Skip the pictures. Quote every line below, exactly, from the one with "JOHANN THEODOR de" through the final line.

DATASET CONTENT:
====

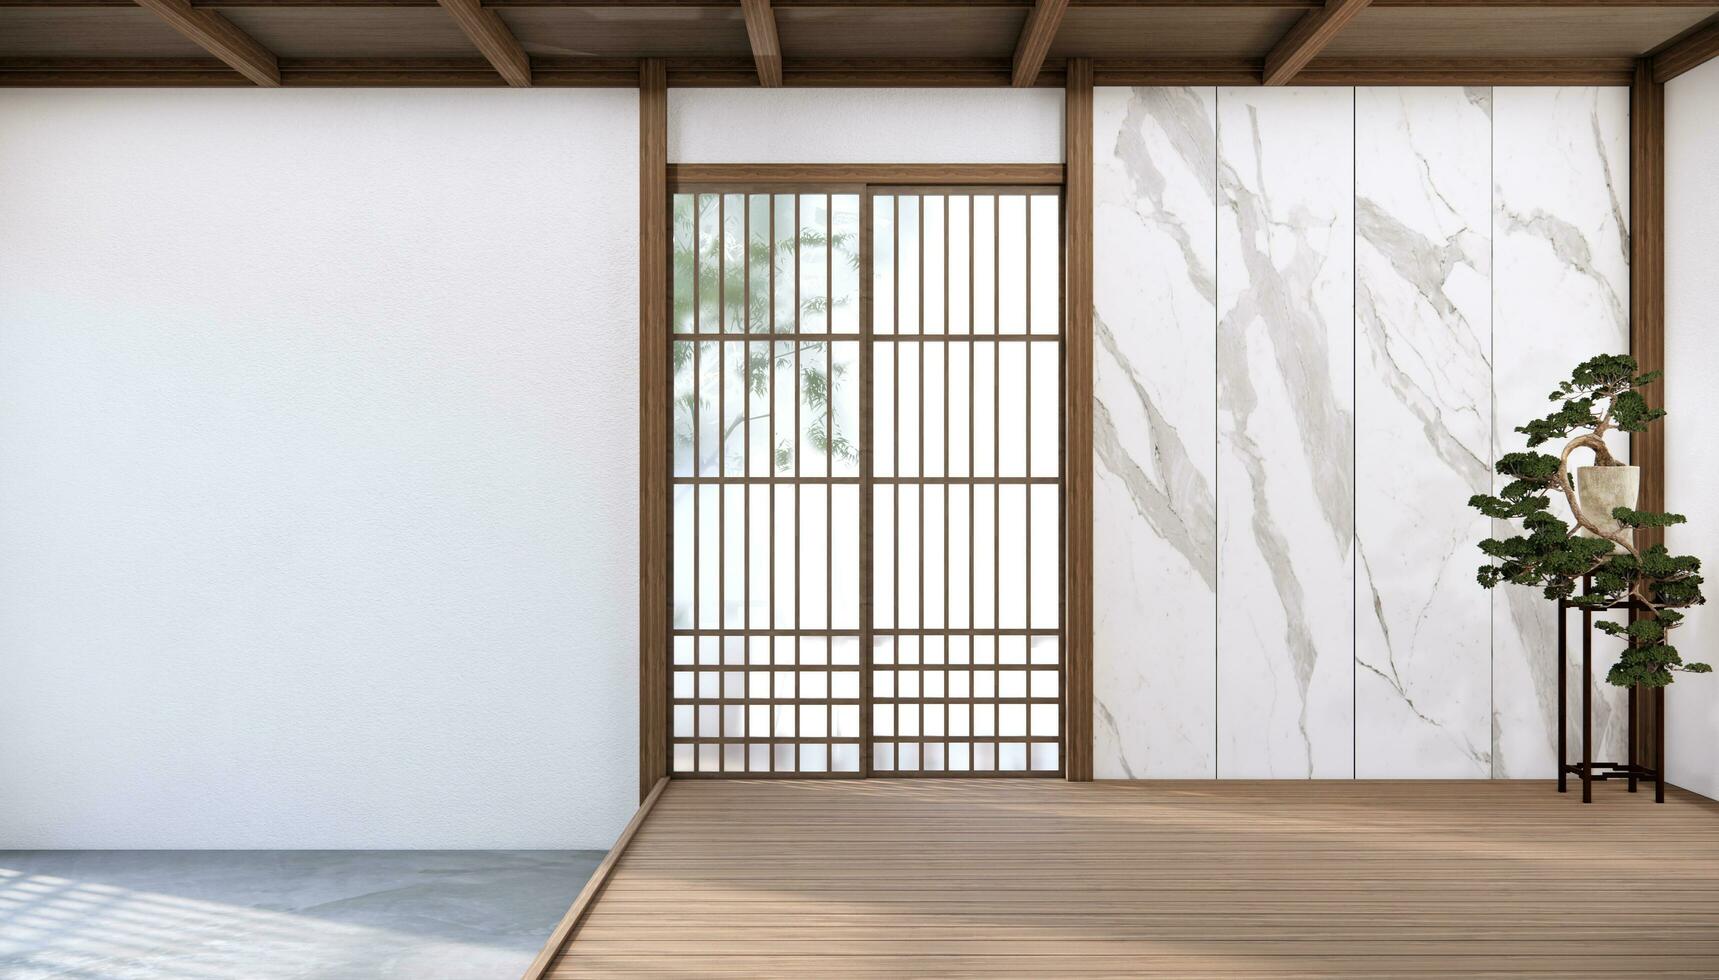 Japão estilo esvaziar quarto decorado com branco parede e madeira ripa parede foto
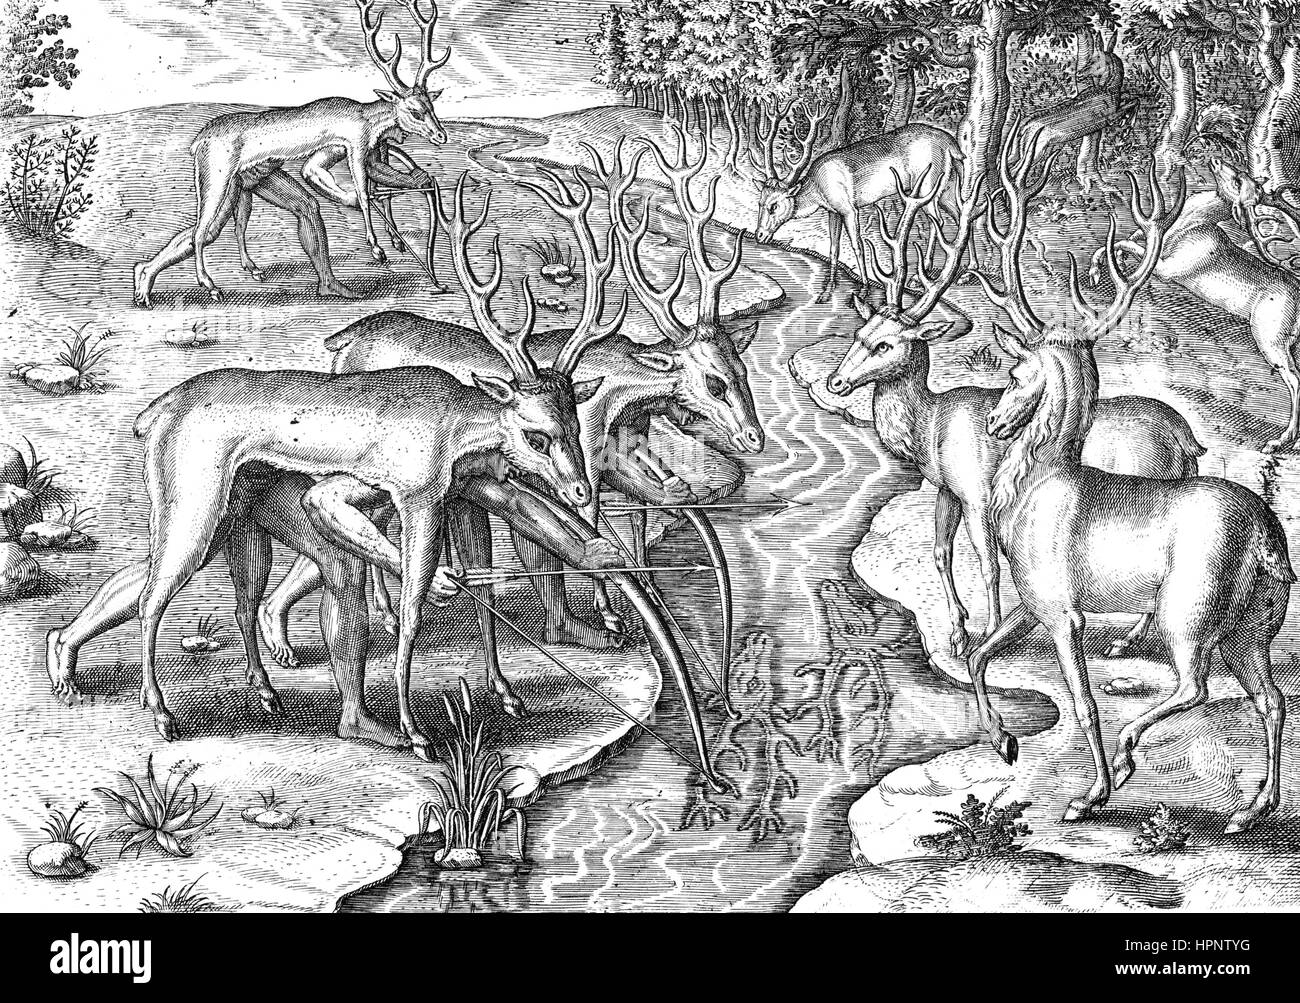 JOHANN THEODOR de BRY (1561-1623), deutscher Verleger und Kupferstecher. Seine Holzstich zeigt Indianer jagen versteckt in Tierhäuten Stockfoto
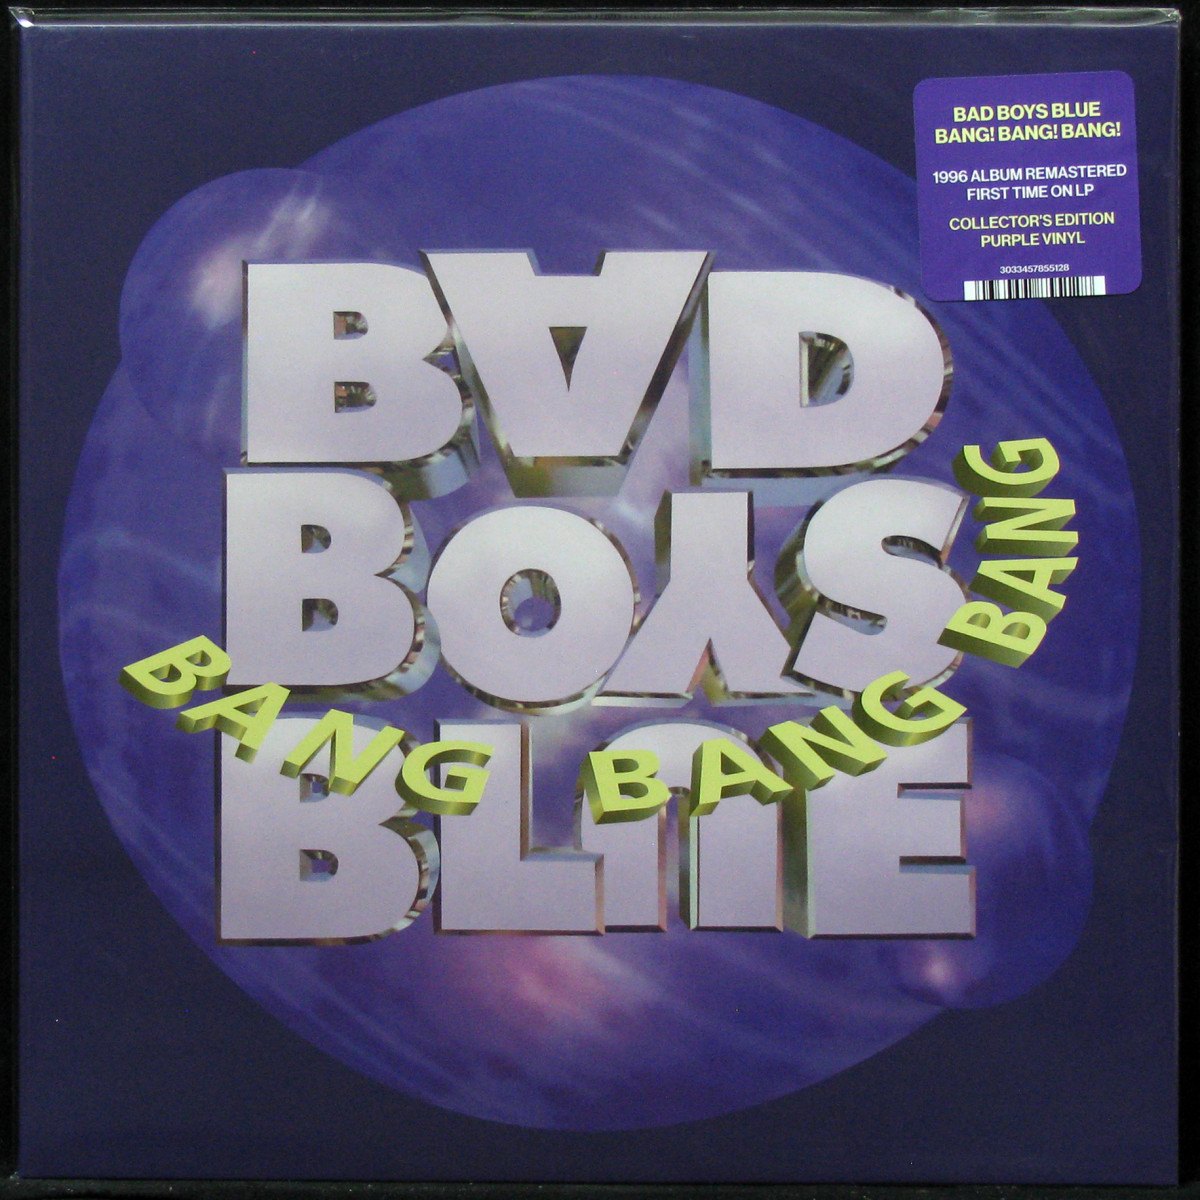 Bang bad. Bad boys Blue 1996. Bad boys Blue Bang. Обложка альбома Bang. Bad boys Blue Bang Bang Bang обложки альбомов.

====

EXERCISE SOLUTION:
 JOHANN THEODOR de BRY (1561-1623), deutscher Verleger und Kupferstecher. Seine Holzstich zeigt Indianer jagen versteckt in Tierhäuten Stockfoto
 Bang bad. Bad boys Blue 1996. Bad boys Blue Bang. Обложка альбома Bang. Bad boys Blue Bang Bang Bang обложки альбомов.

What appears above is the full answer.